Everything in the listing except the pictures should be written out exactly.

## Available data
━━━━━━━━

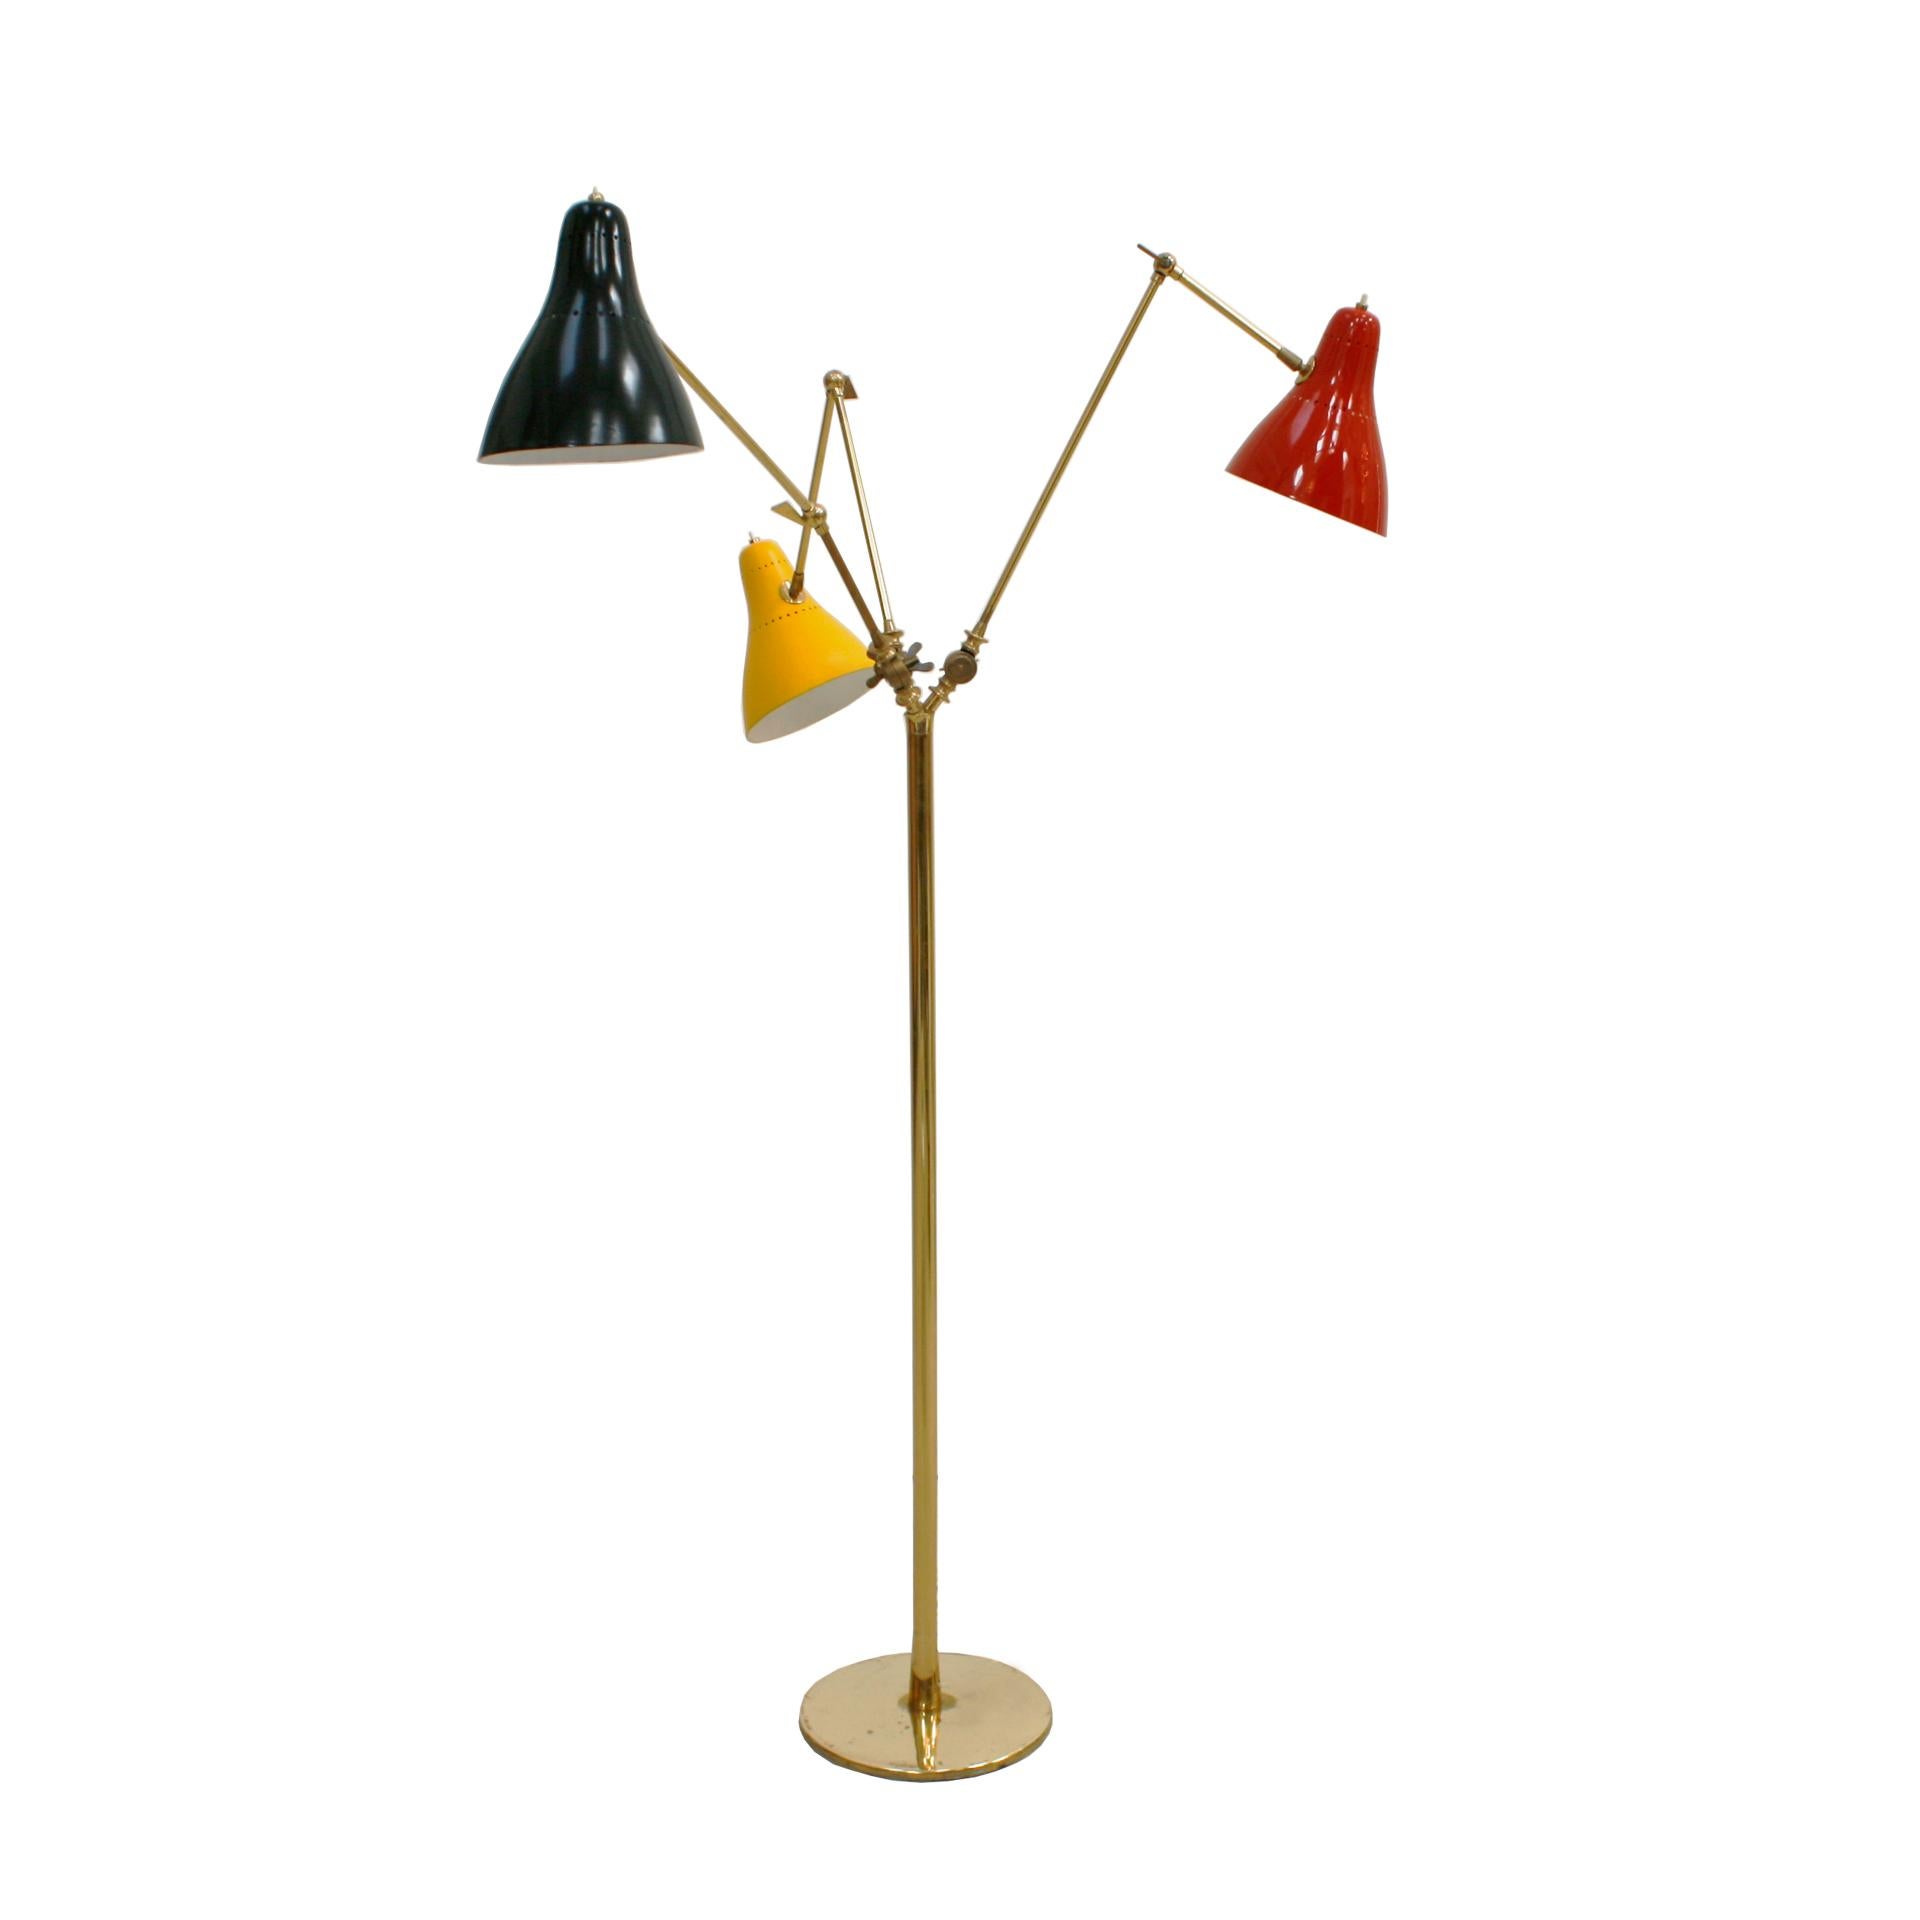 Italian Brass Articulated Floor Lamp from 1950. Crafted with precision and elegance, this Italian floor lamp features adjustable arms reminiscent of the iconic triennale style, allowing you to customize the lighting to suit your needs. Each arm is
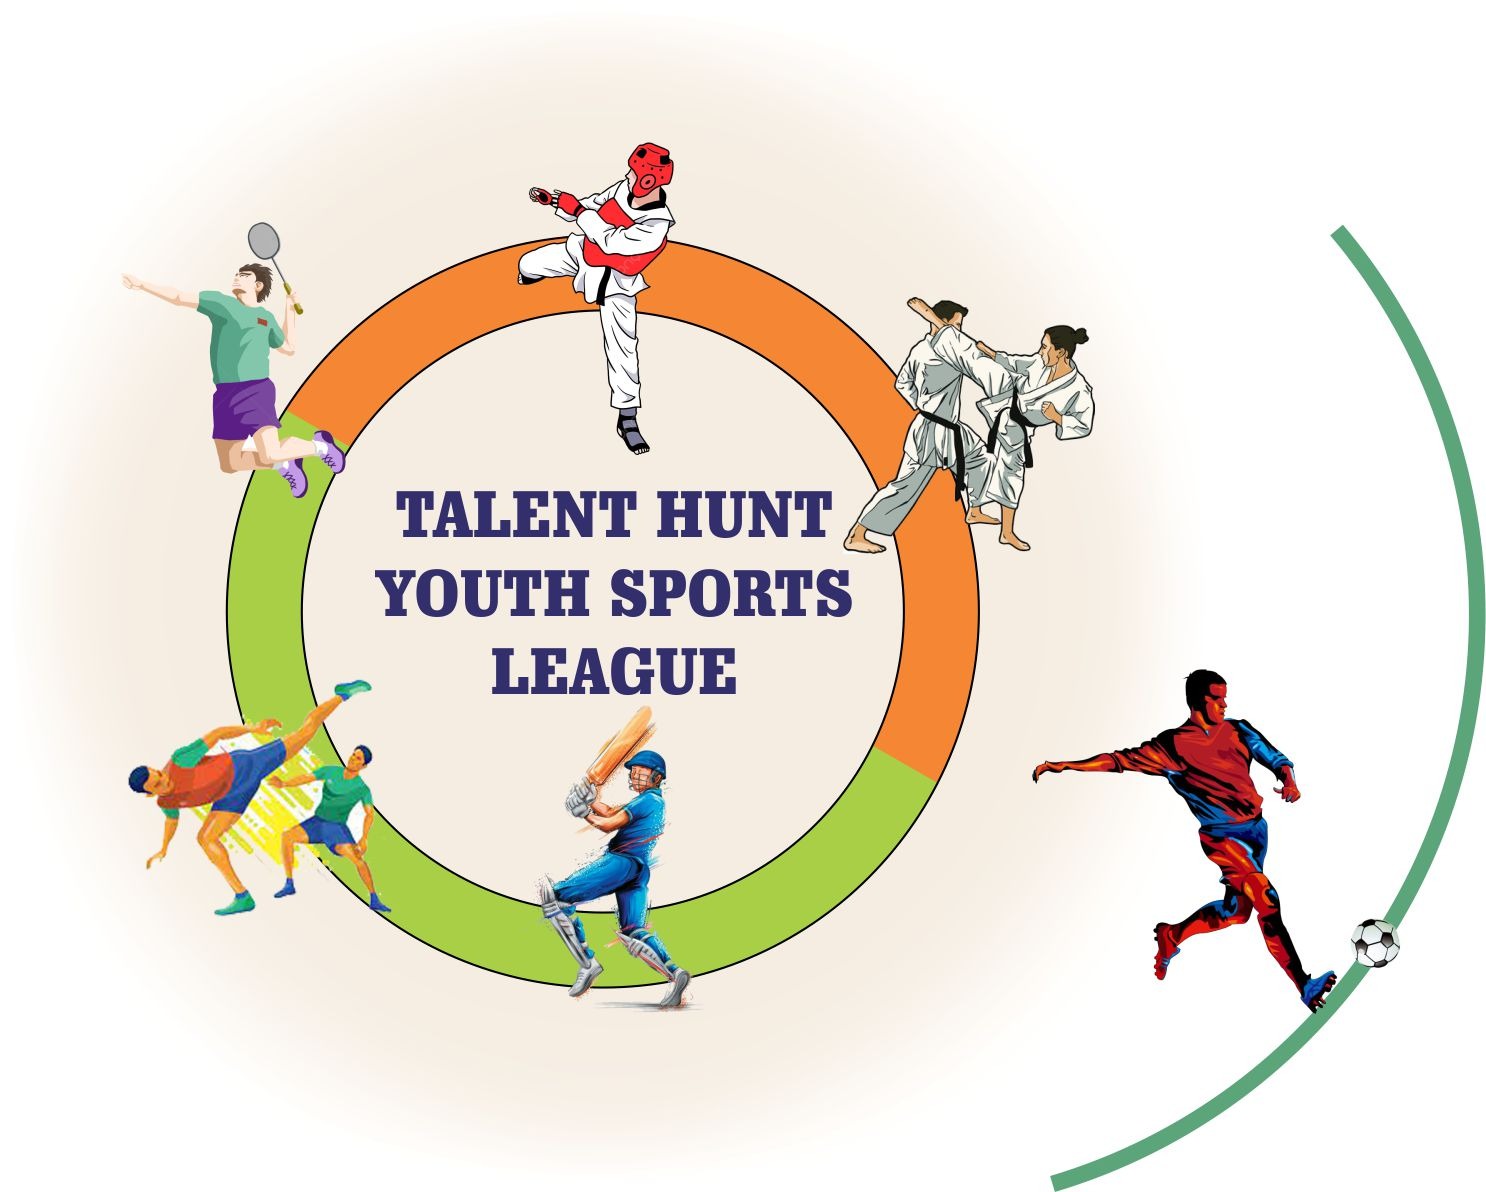 TALENT HUNT YOUTH SPORTS LEAGUE 
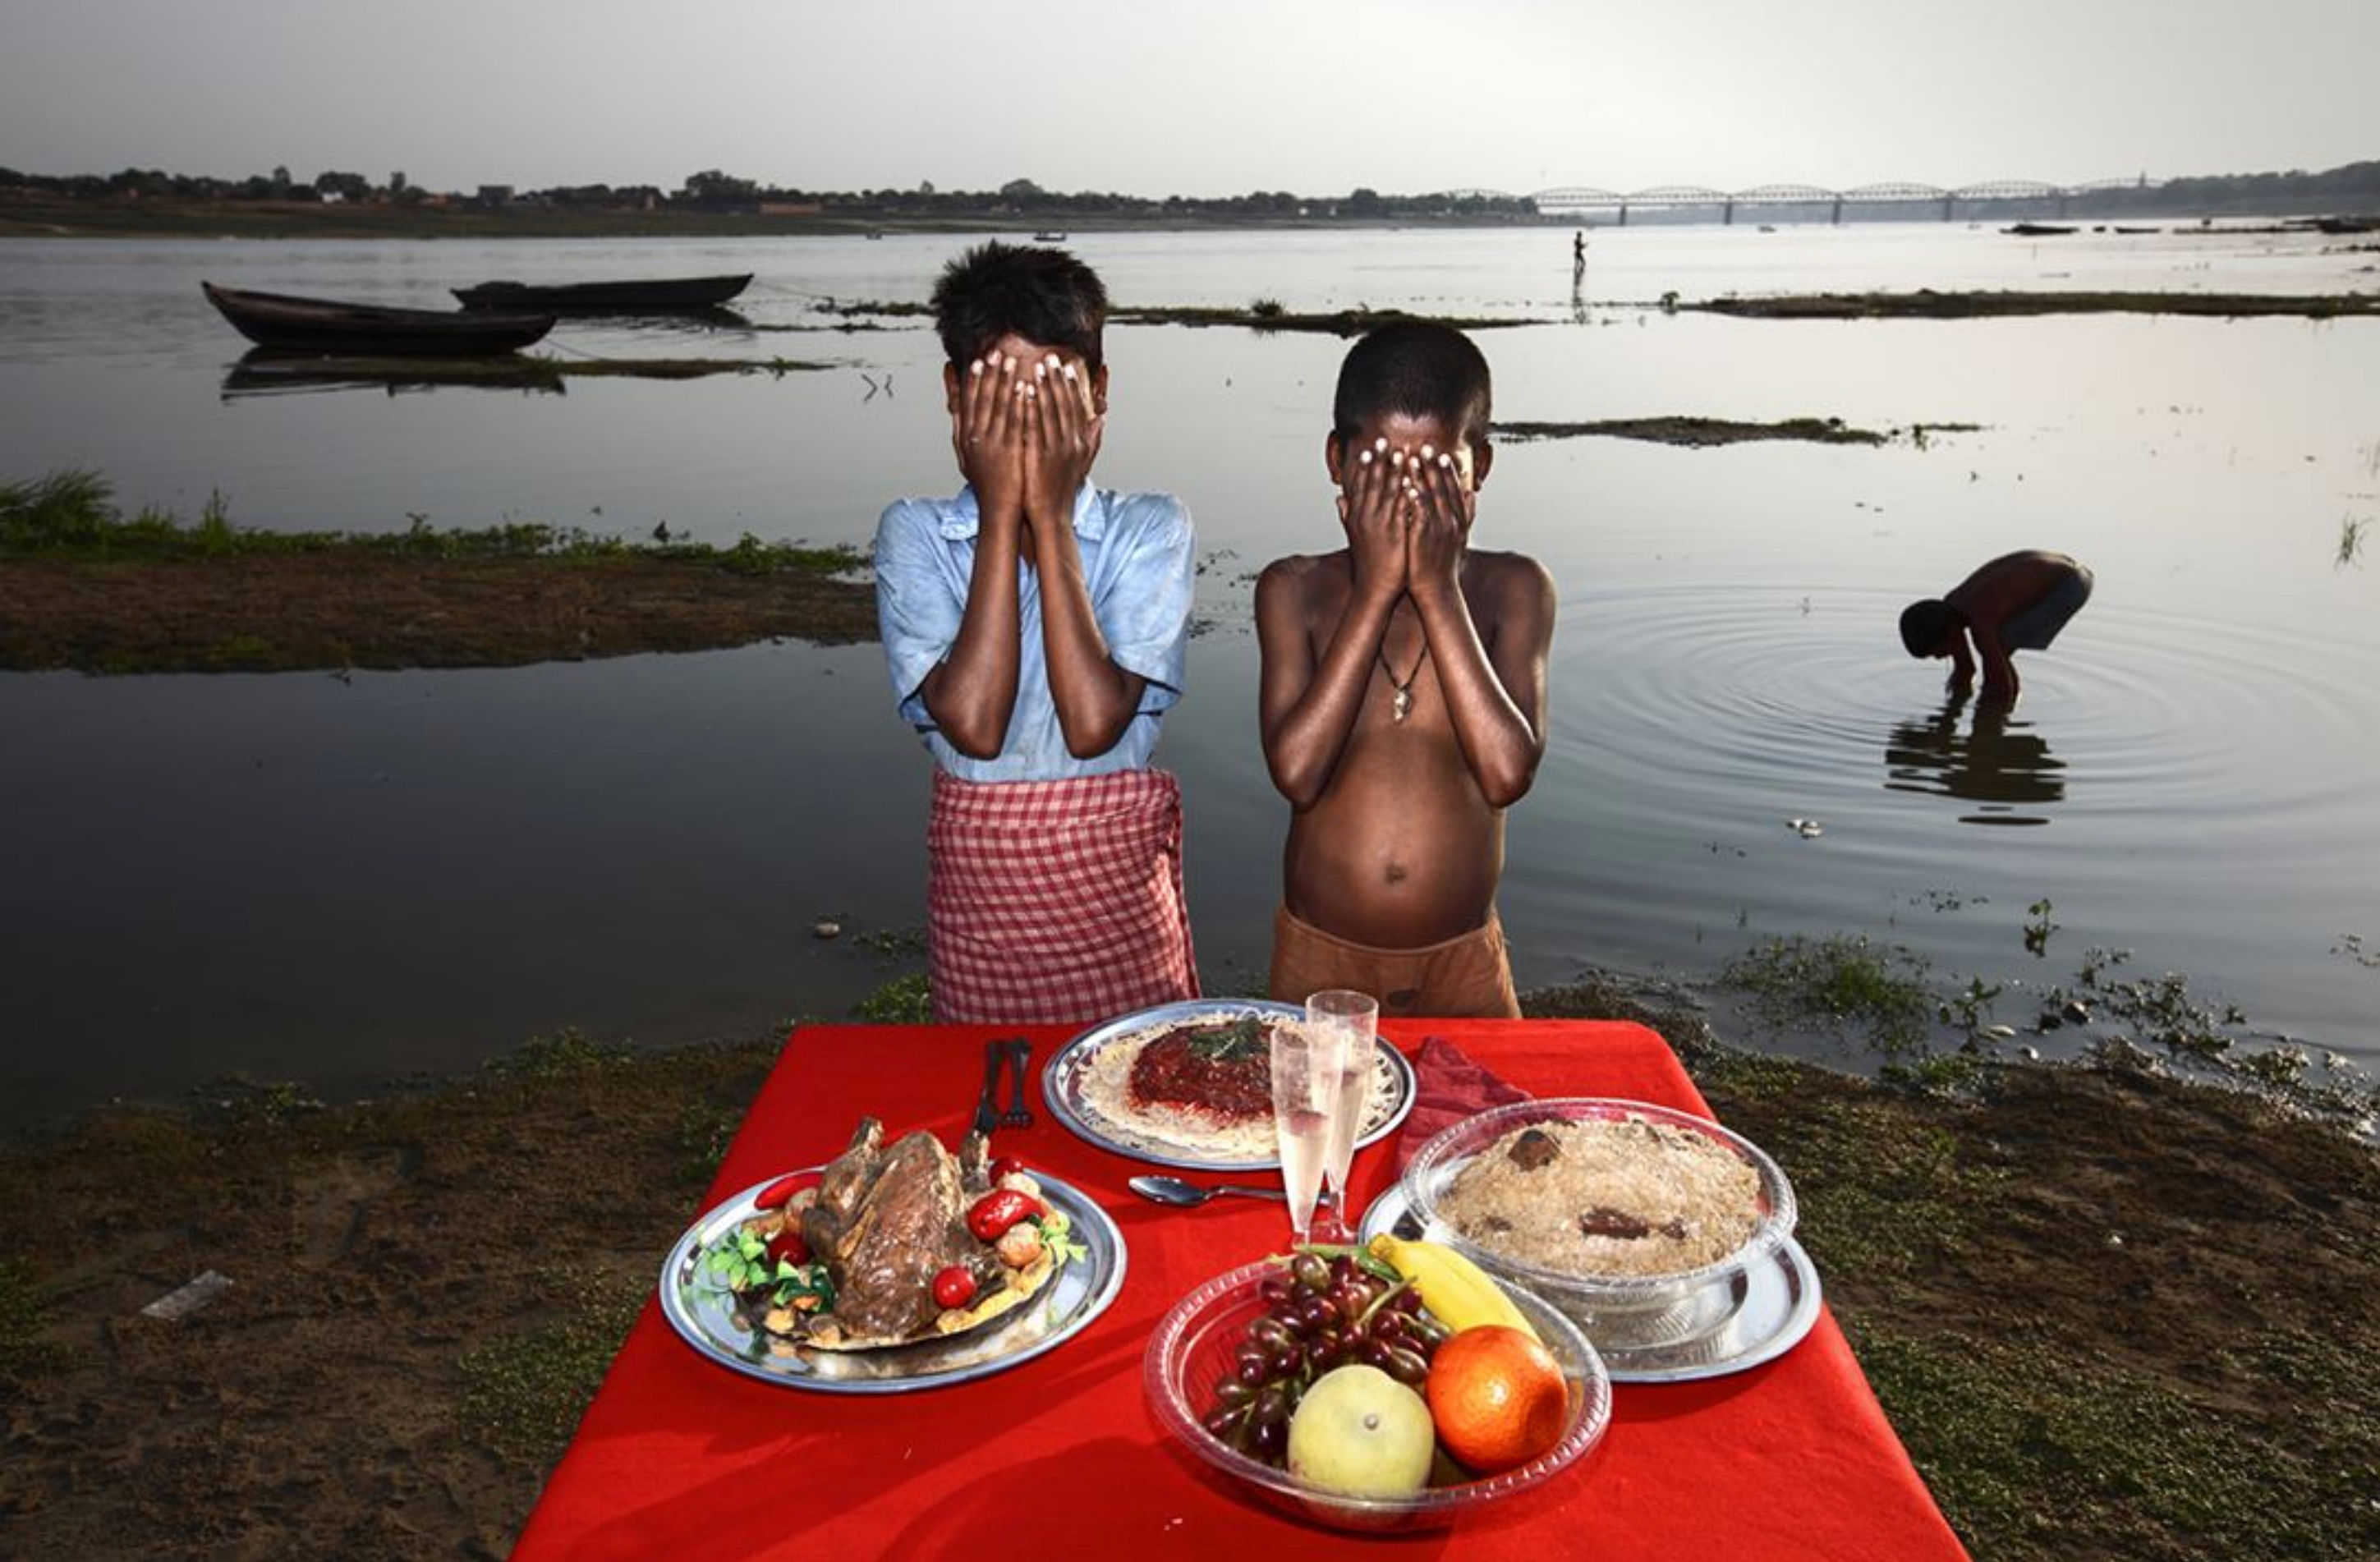 Another photo from the 'Dreaming Food' series | worldpressphoto/ Instagram

━━━━━━━━

## Response to the exercise
 Italian Brass Articulated Floor Lamp from 1950. Crafted with precision and elegance, this Italian floor lamp features adjustable arms reminiscent of the iconic triennale style, allowing you to customize the lighting to suit your needs. Each arm is
 TALENT HUNT YOUTH SPORTS LEAGUE 
 Another photo from the 'Dreaming Food' series | worldpressphoto/ Instagram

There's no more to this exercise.